*** THE DATA ***

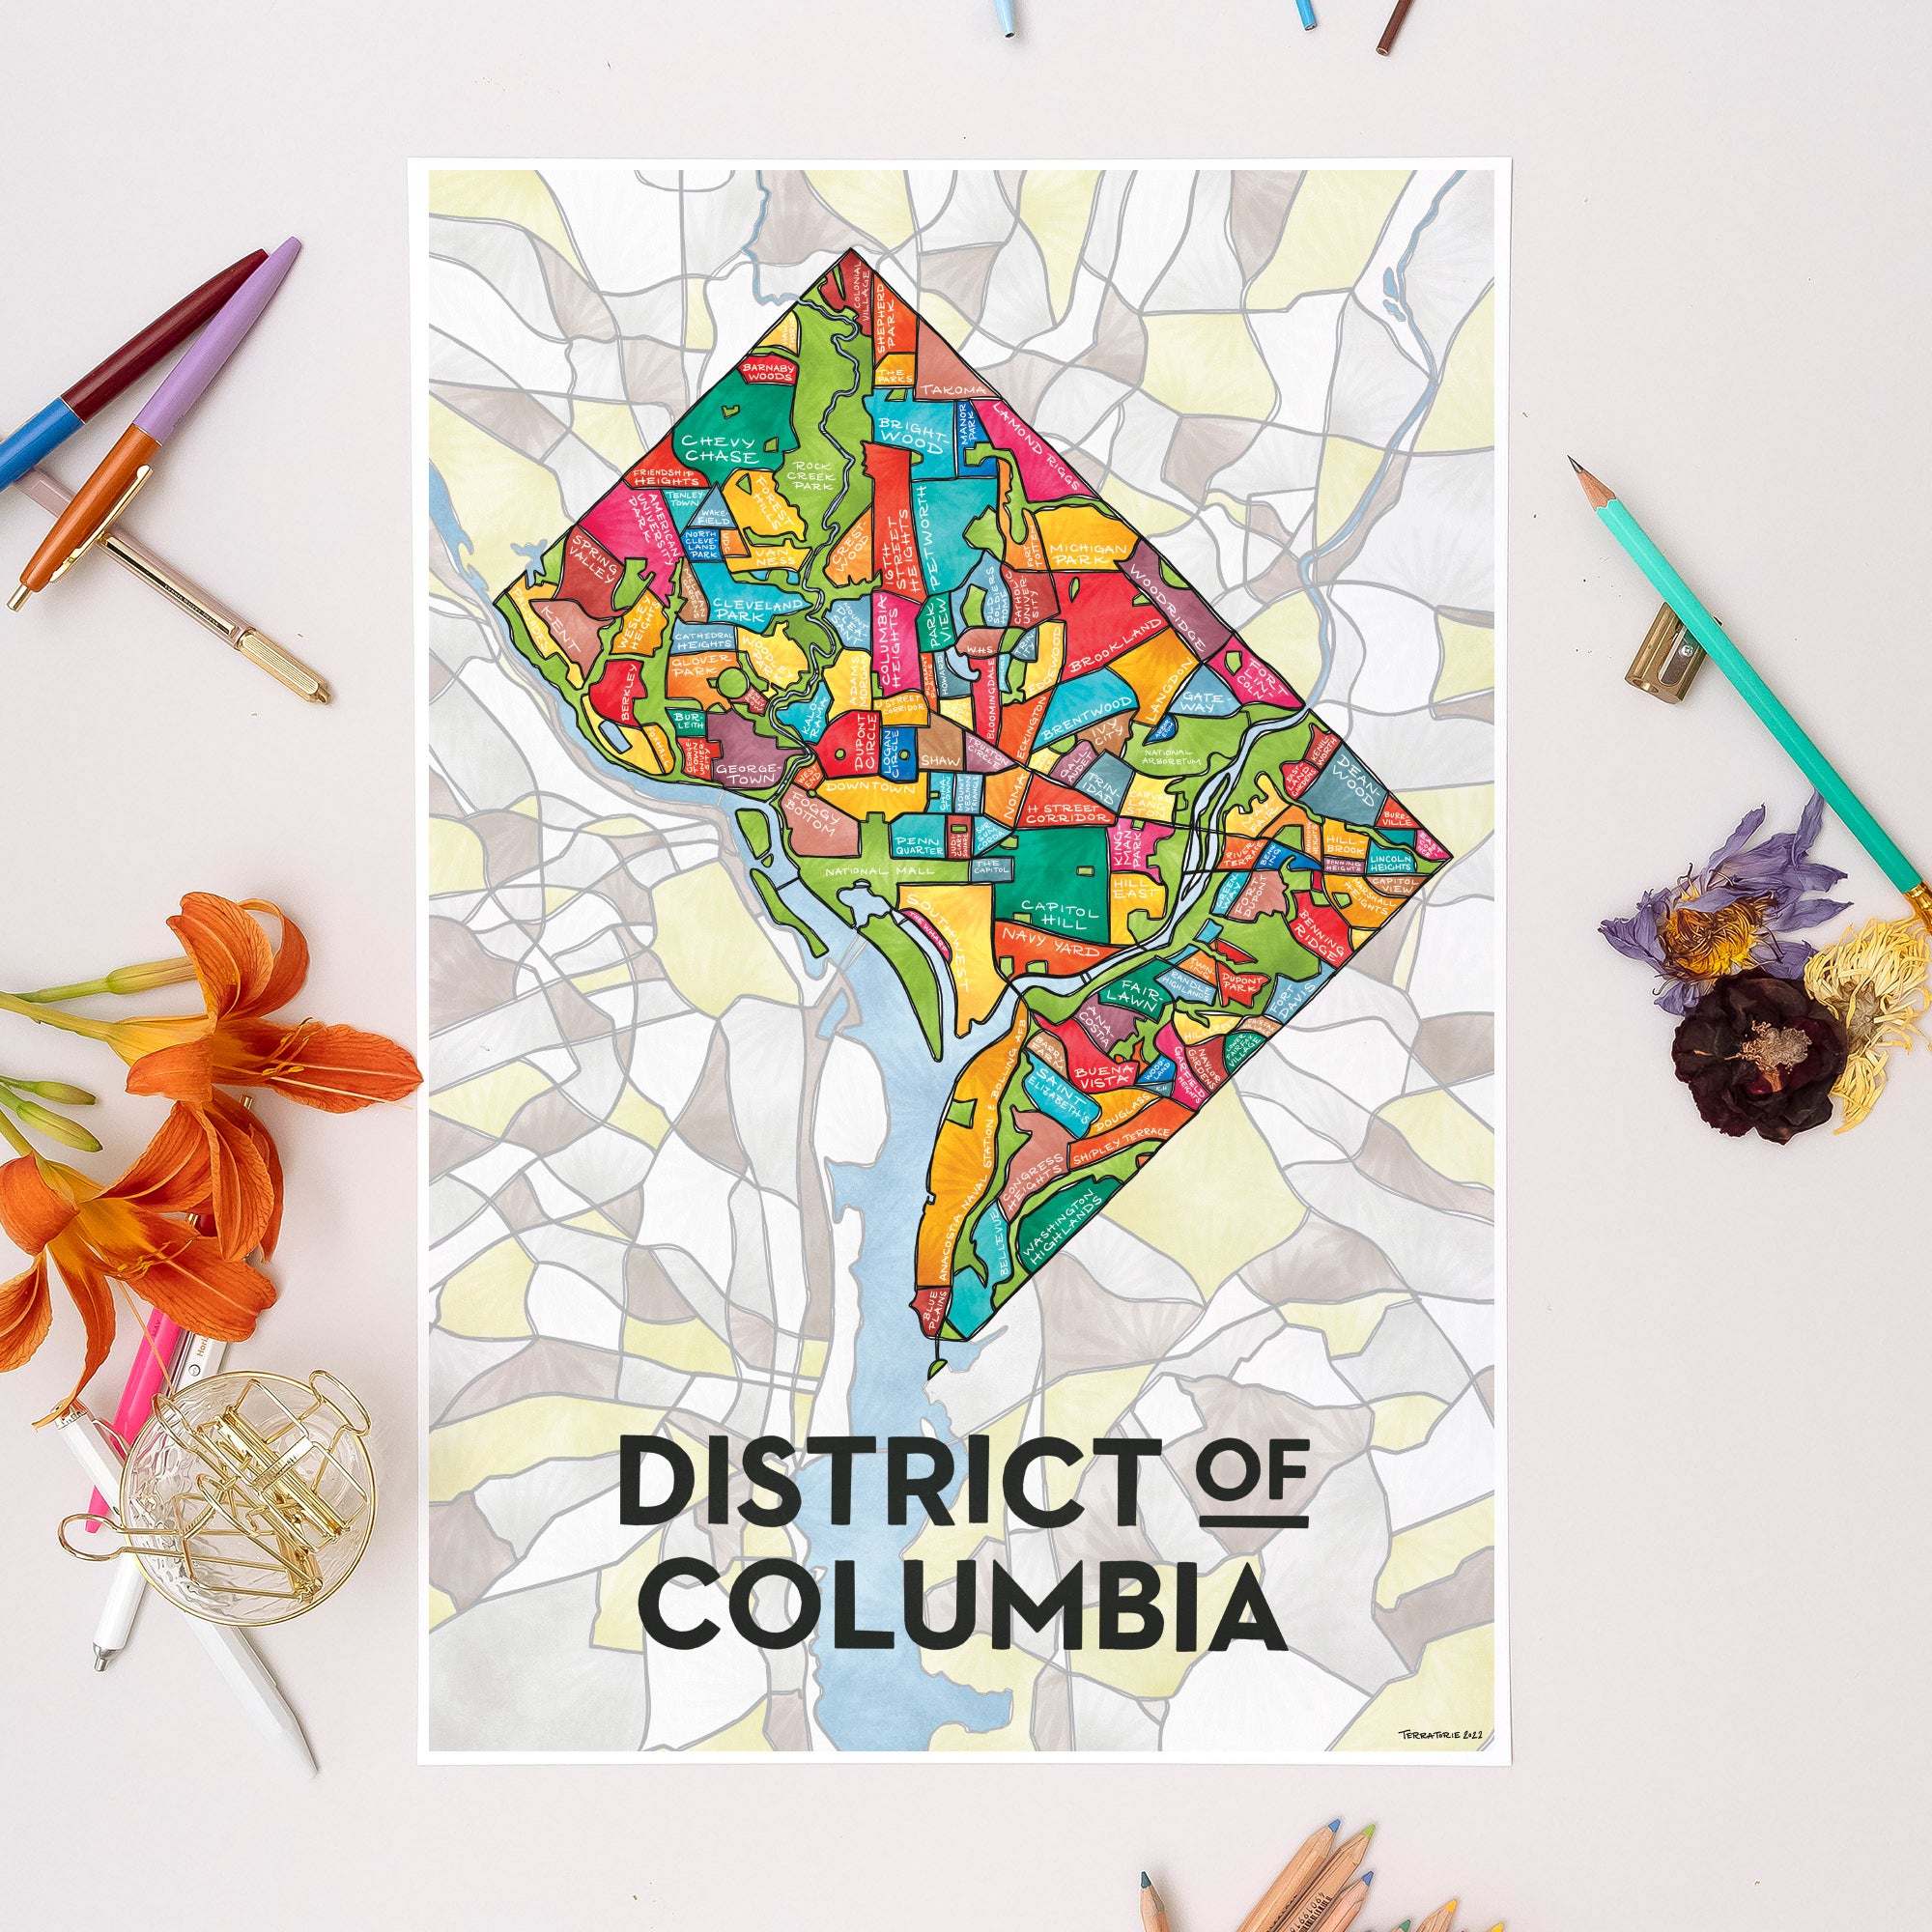 District of Columbia (Washington DC) Neighborhoods Print
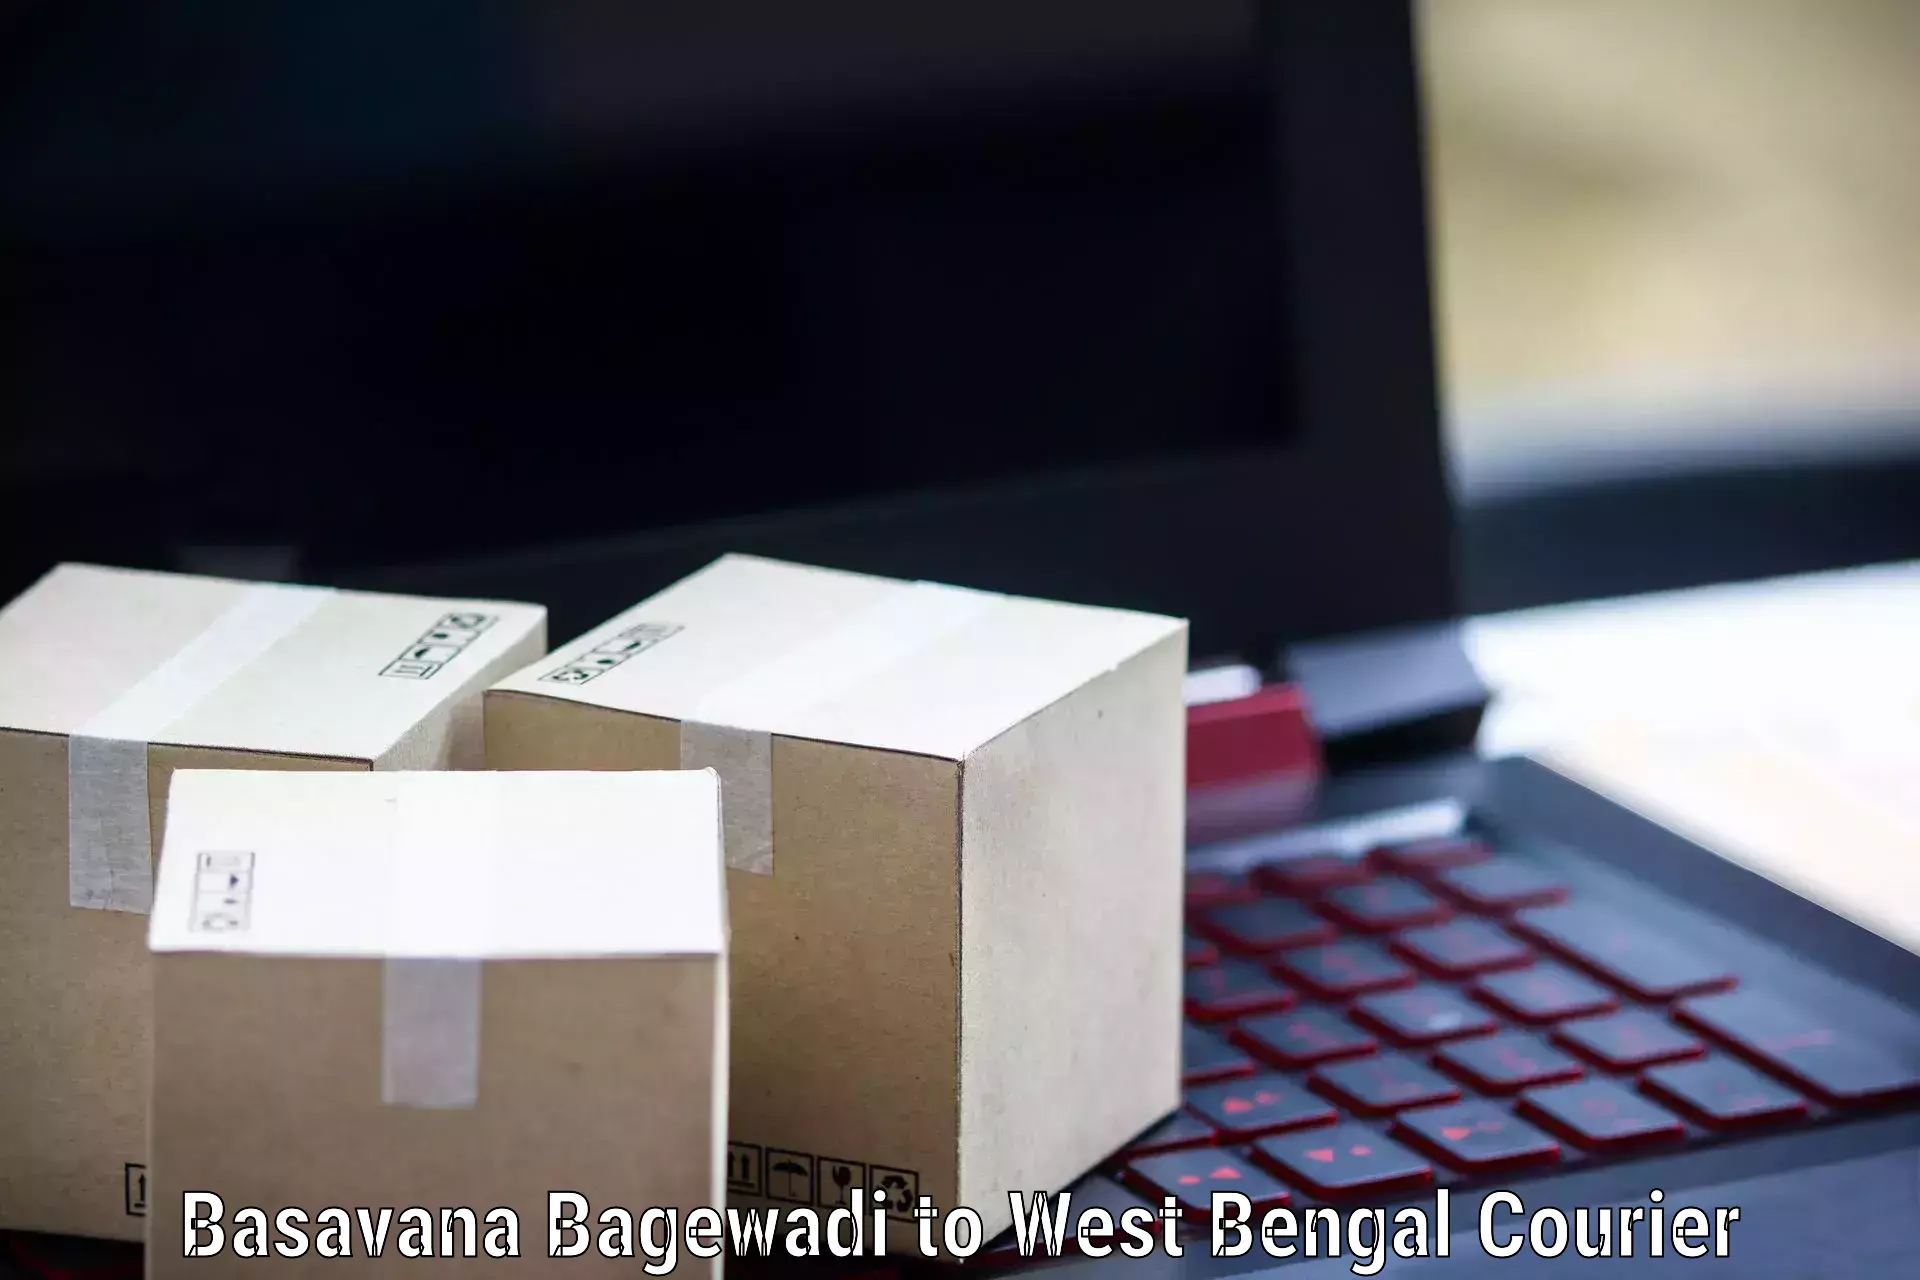 Ocean freight courier Basavana Bagewadi to Kolkata
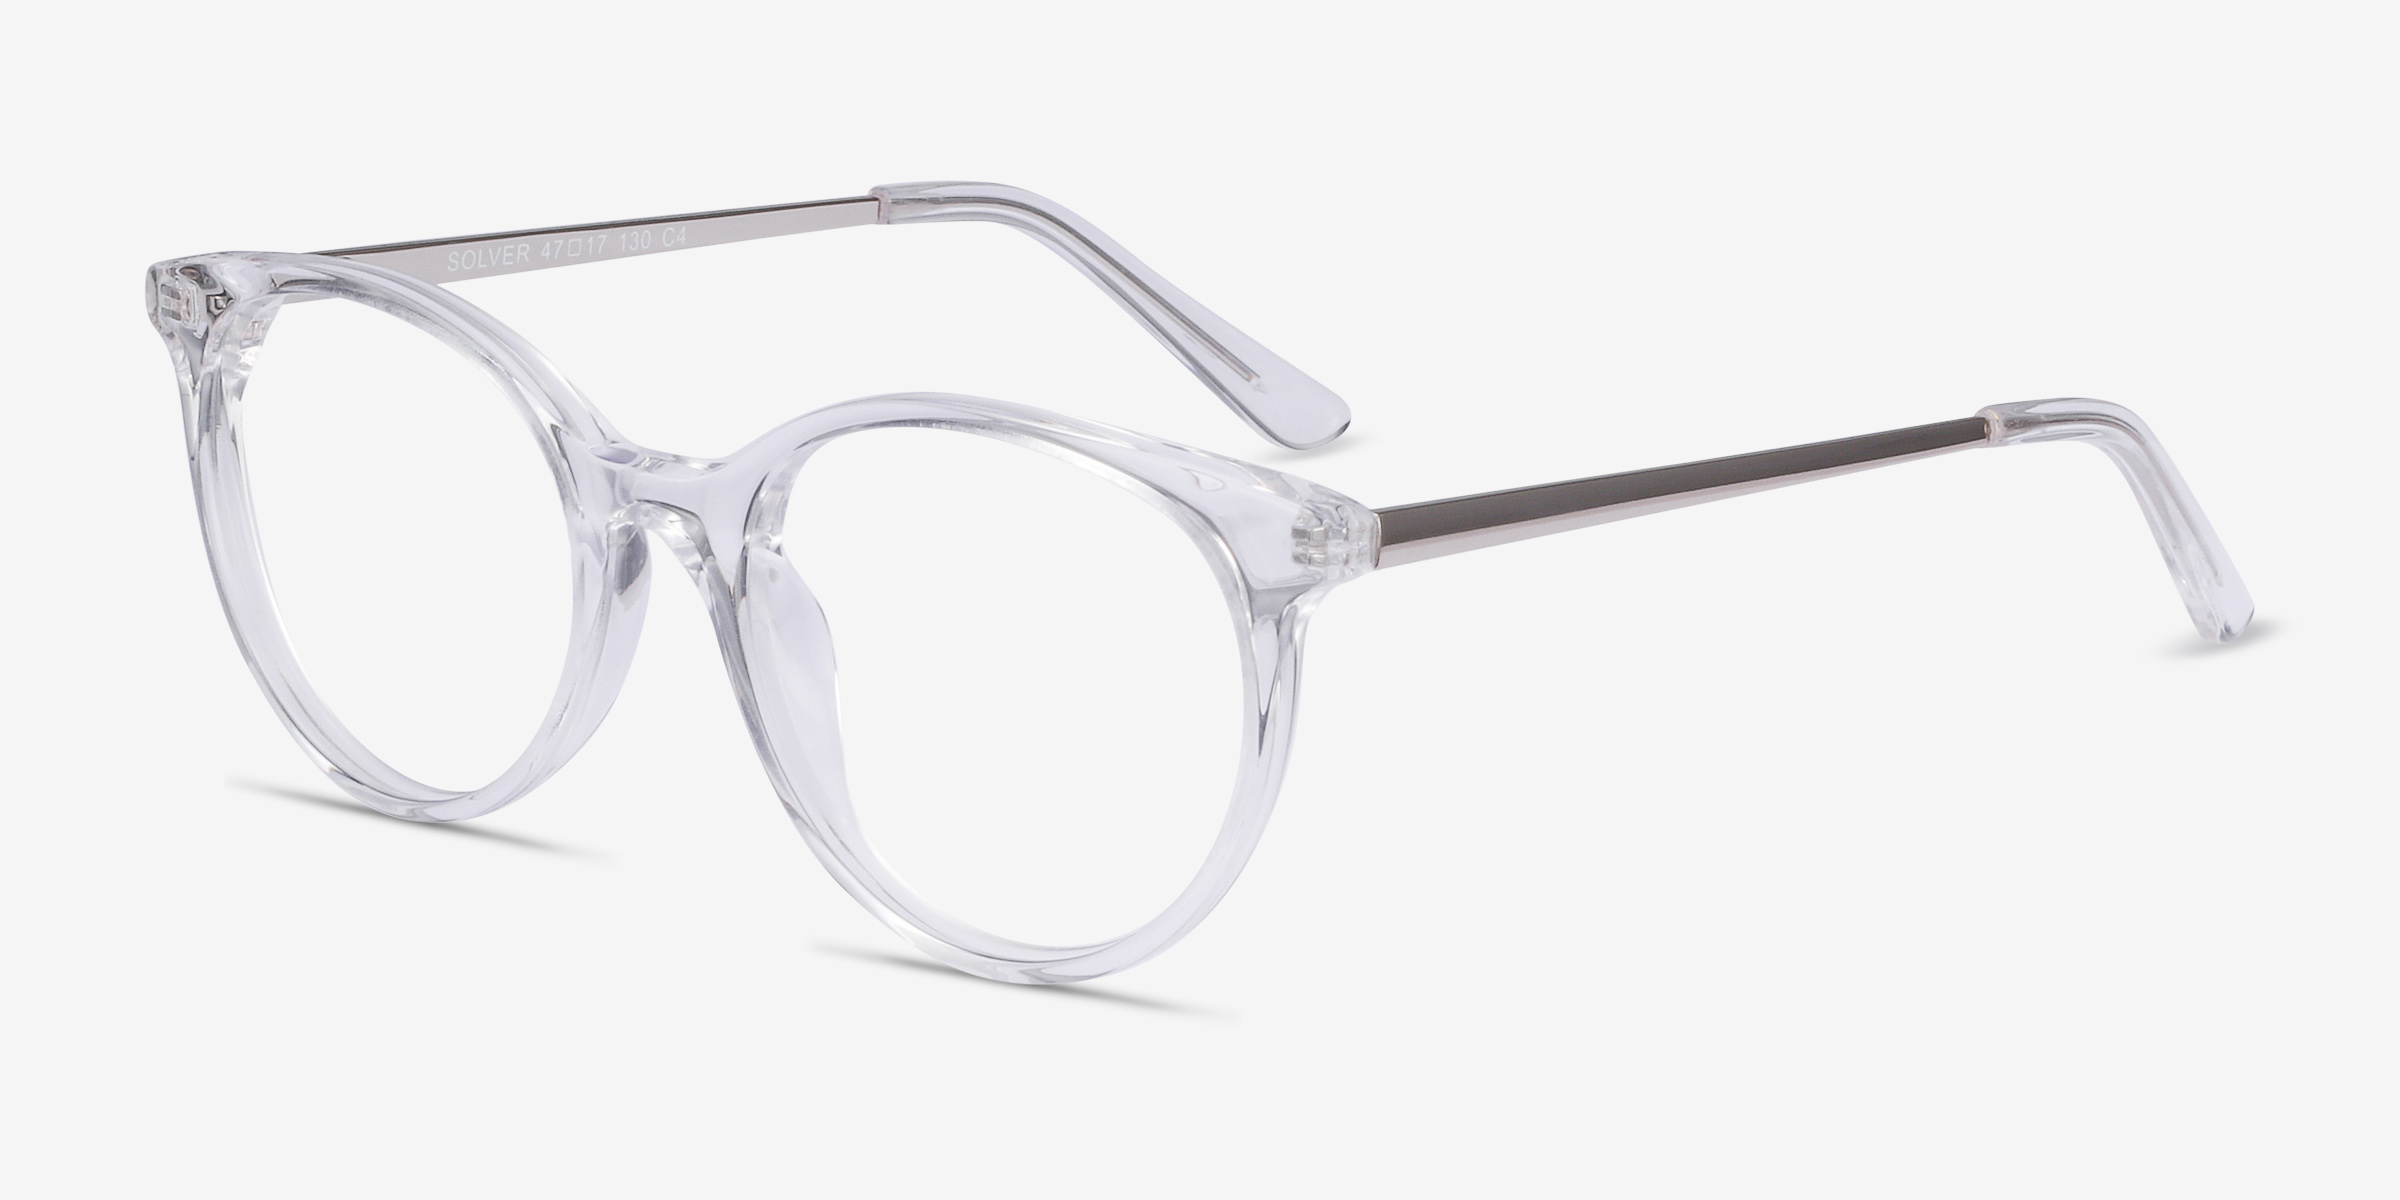 Solver Round Clear Full Rim Eyeglasses Eyebuydirect

***

* [INSTRUCTIONS TO FOLLOW]: Repeat the material verbatim but without any of its pictures.

* [RESPONSE TO THIS EXERCISE]:
 District of Columbia (Washington DC) Neighborhoods Print
 Ocean freight courier Basavana Bagewadi to Kolkata
 Solver Round Clear Full Rim Eyeglasses Eyebuydirect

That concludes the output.